BACKGROUND: Rehabilitation after spinal cord injury (SCI) has traditionally involved teaching compensatory strategies for identified impairments and deficits in order to improve functional independence. There is some evidence that regular and intensive activity-based therapies, directed at activation of the paralyzed extremities, promotes neurological improvement. The aim of this study is to compare the effects of a 12-week intensive activity-based therapy program for the whole body with a program of upper body exercise. METHODS/DESIGN: A multicenter, parallel group, assessor-blinded randomized controlled trial will be conducted. One hundred eighty-eight participants with spinal cord injury, who have completed their primary rehabilitation at least 6 months prior, will be recruited from five SCI units in Australia and New Zealand. Participants will be randomized to an experimental or control group. Experimental participants will receive a 12-week program of intensive exercise for the whole body, including locomotor training, trunk exercises and functional electrical stimulation-assisted cycling. Control participants will receive a 12-week intensive upper body exercise program. The primary outcome is the American Spinal Injuries Association (ASIA) Motor Score. Secondary outcomes include measurements of sensation, function, pain, psychological measures, quality of life and cost effectiveness. All outcomes will be measured at baseline, 12 weeks, 6 months and 12 months by blinded assessors. Recruitment commenced in January 2011. DISCUSSION: The results of this trial will determine the effectiveness of a 12-week program of intensive exercise for the whole body in improving neurological recovery after spinal cord injury. TRIAL REGISTRATION: NCT01236976 (10 November 2010), ACTRN12610000498099 (17 June 2010).

Early intensive hand rehabilitation after spinal cord injury ("Hands On"): a protocol for a randomised controlled trial.

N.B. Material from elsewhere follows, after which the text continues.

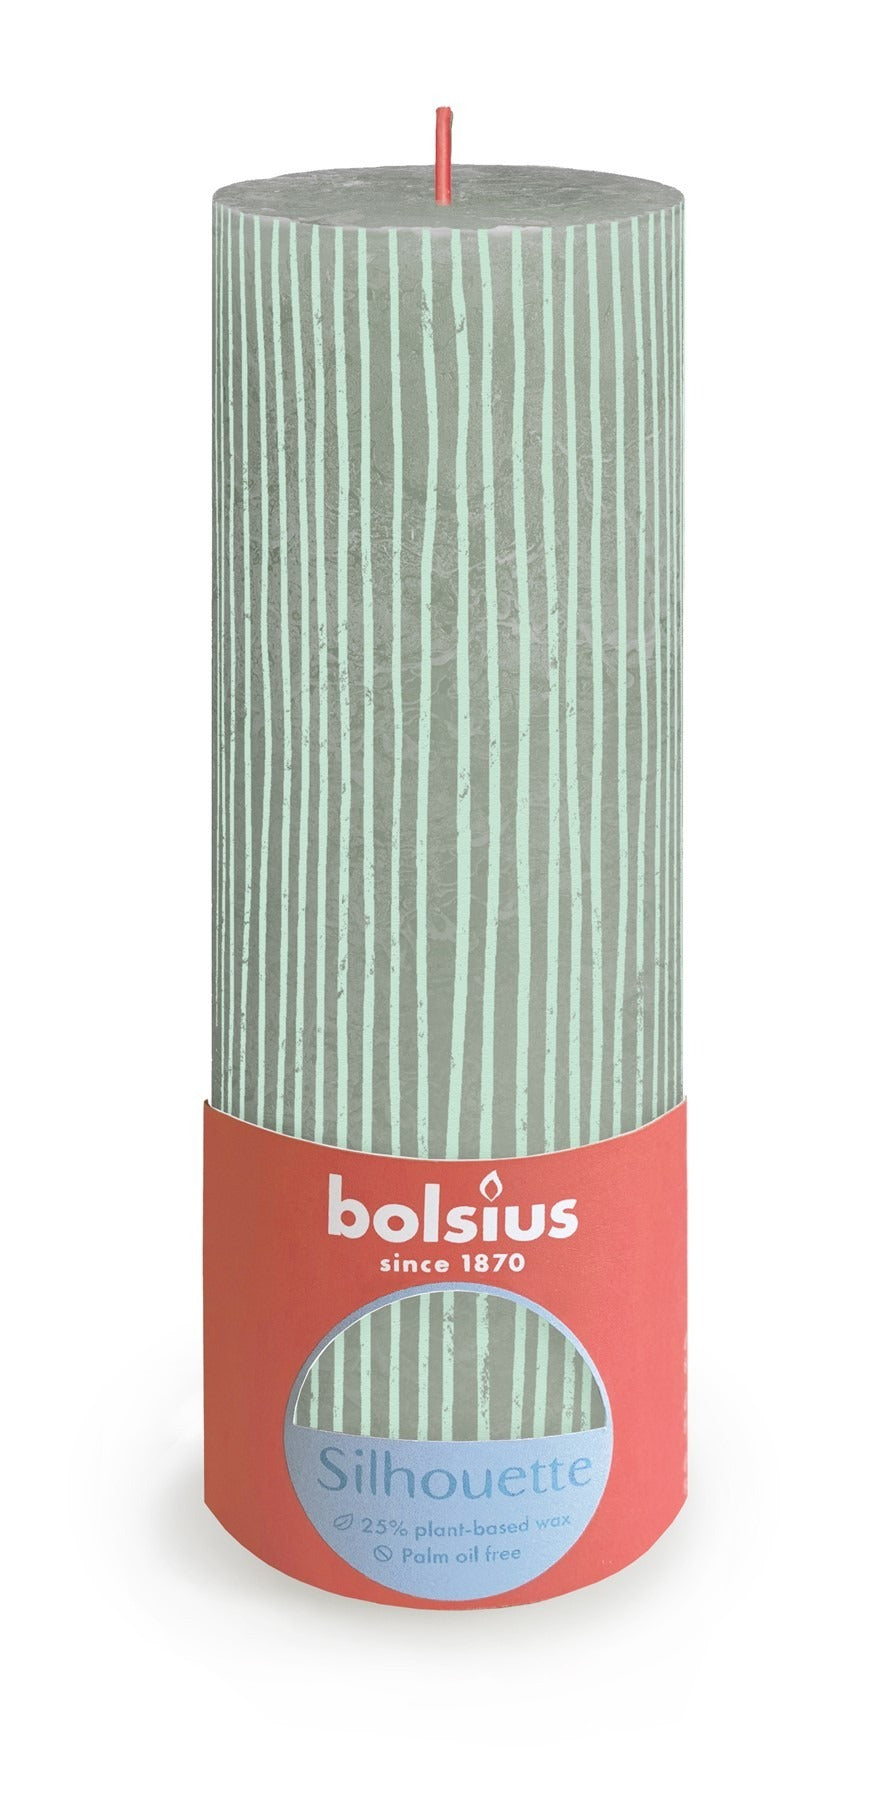 View Jade Green Bolsius Rustic Silhouette Pillar Candle 190 x 68mm information

BACKGROUND: Loss of hand function is one of the most devastating consequences of spinal cord injury. Intensive hand training provided on an instrumented exercise workstation in conjunction with functional electrical stimulation may enhance neural recovery and hand function. The aim of this trial is to compare usual care with an 8-week program of intensive hand training and functional electrical stimulation. METHODS/DESIGN: A multicentre randomised controlled trial will be undertaken. Seventy-eight participants with recent tetraplegia (C2 to T1 motor complete or incomplete) undergoing inpatient rehabilitation will be recruited from seven spinal cord injury units in Australia and New Zealand and will be randomised to a control or experimental group. Control participants will receive usual care. Experimental participants will receive usual care and an 8-week program of intensive unilateral hand training using an instrumented exercise workstation and functional electrical stimulation. Participants will drive the functional electrical stimulation of their target hands via a behind-the-ear bluetooth device, which is sensitive to tooth clicks. The bluetooth device will enable the use of various manipulanda to practice functional activities embedded within computer-based games and activities. Training will be provided for one hour, 5 days per week, during the 8-week intervention period. The primary outcome is the Action Research Arm Test. Secondary outcomes include measurements of strength, sensation, function, quality of life and cost effectiveness. All outcomes will be taken at baseline, 8 weeks, 6 months and 12 months by assessors blinded to group allocation. Recruitment commenced in December 2009. DISCUSSION: The results of this trial will determine the effectiveness of an 8-week program of intensive hand training with functional electrical stimulation. TRIAL REGISTRATION: NCT01086930 (12th March 2010)ACTRN12609000695202 (12th August 2009).